◆ Work instruction ◆
Please set down the data again exactly, minus the pictures.

◆ Supplied material ◆
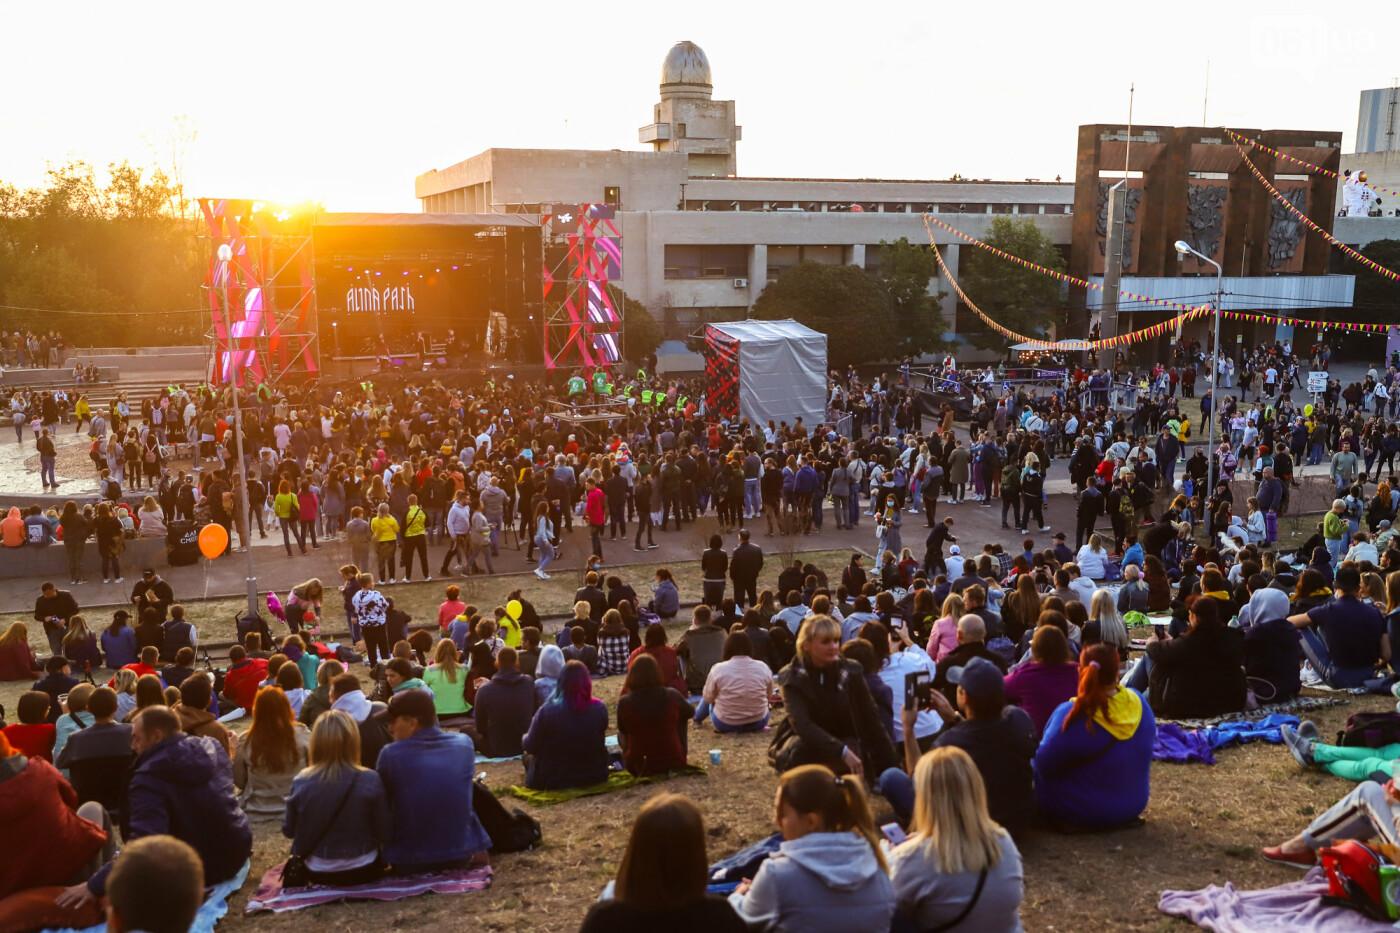 ЛГБТ-прайд, эко-митинг и восстановленные скульптуры в сквере Пионеров: сентябрь в фотографиях , фото-82
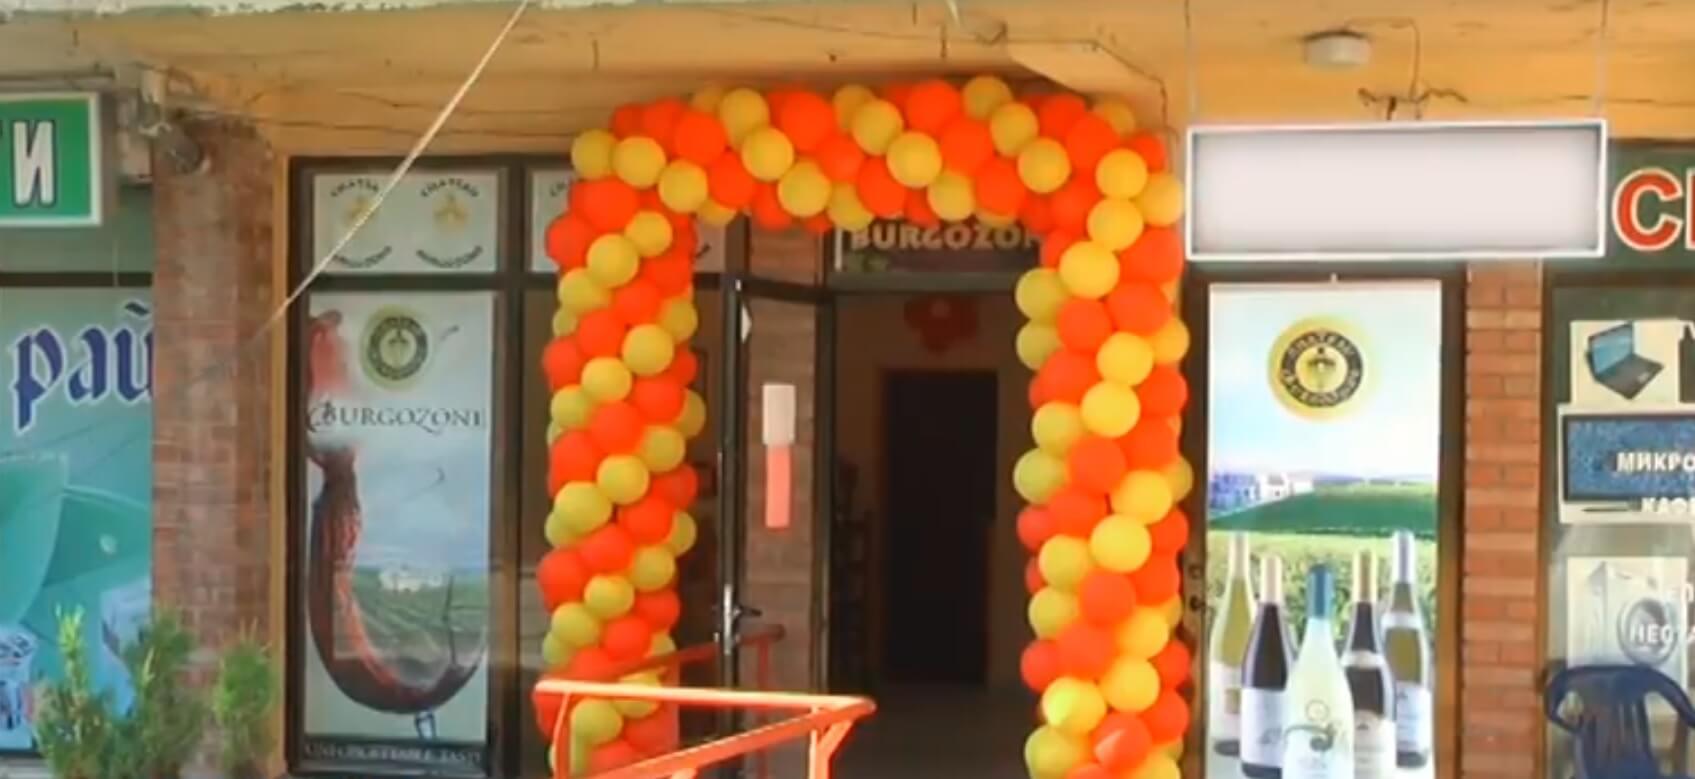 Нов фирмен магазин на Бургозоне в гр.Плевен
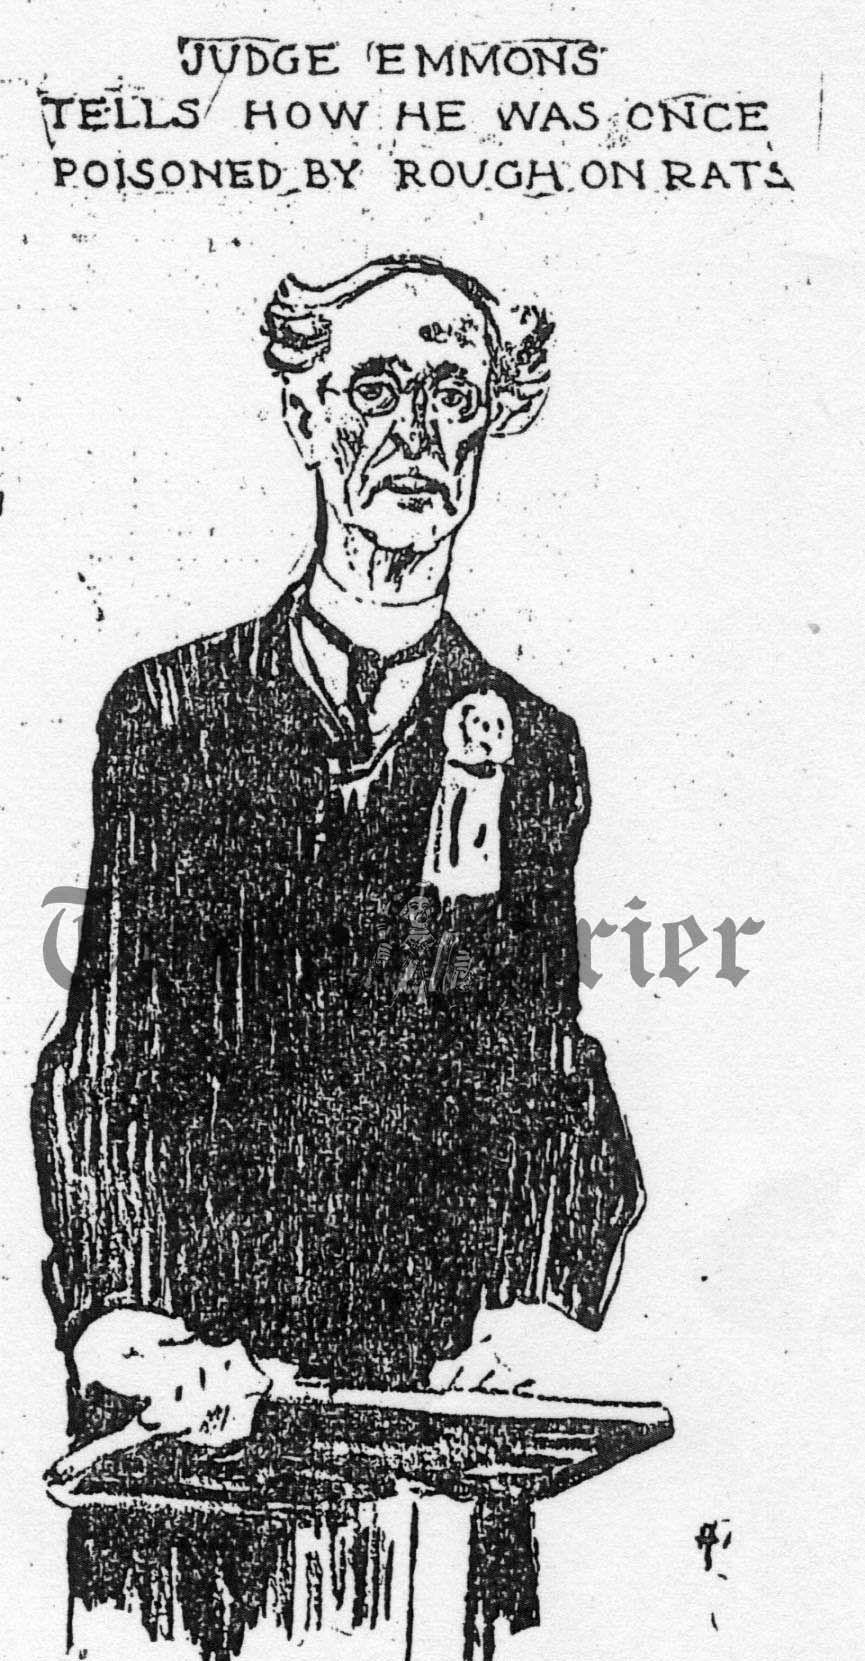 Judge William H.H. Emmons

◆ Solution ◆
 ЛГБТ-прайд, эко-митинг и восстановленные скульптуры в сквере Пионеров: сентябрь в фотографиях , фото-82
 Нов фирмен магазин на Бургозоне в гр.Плевен
 Judge William H.H. Emmons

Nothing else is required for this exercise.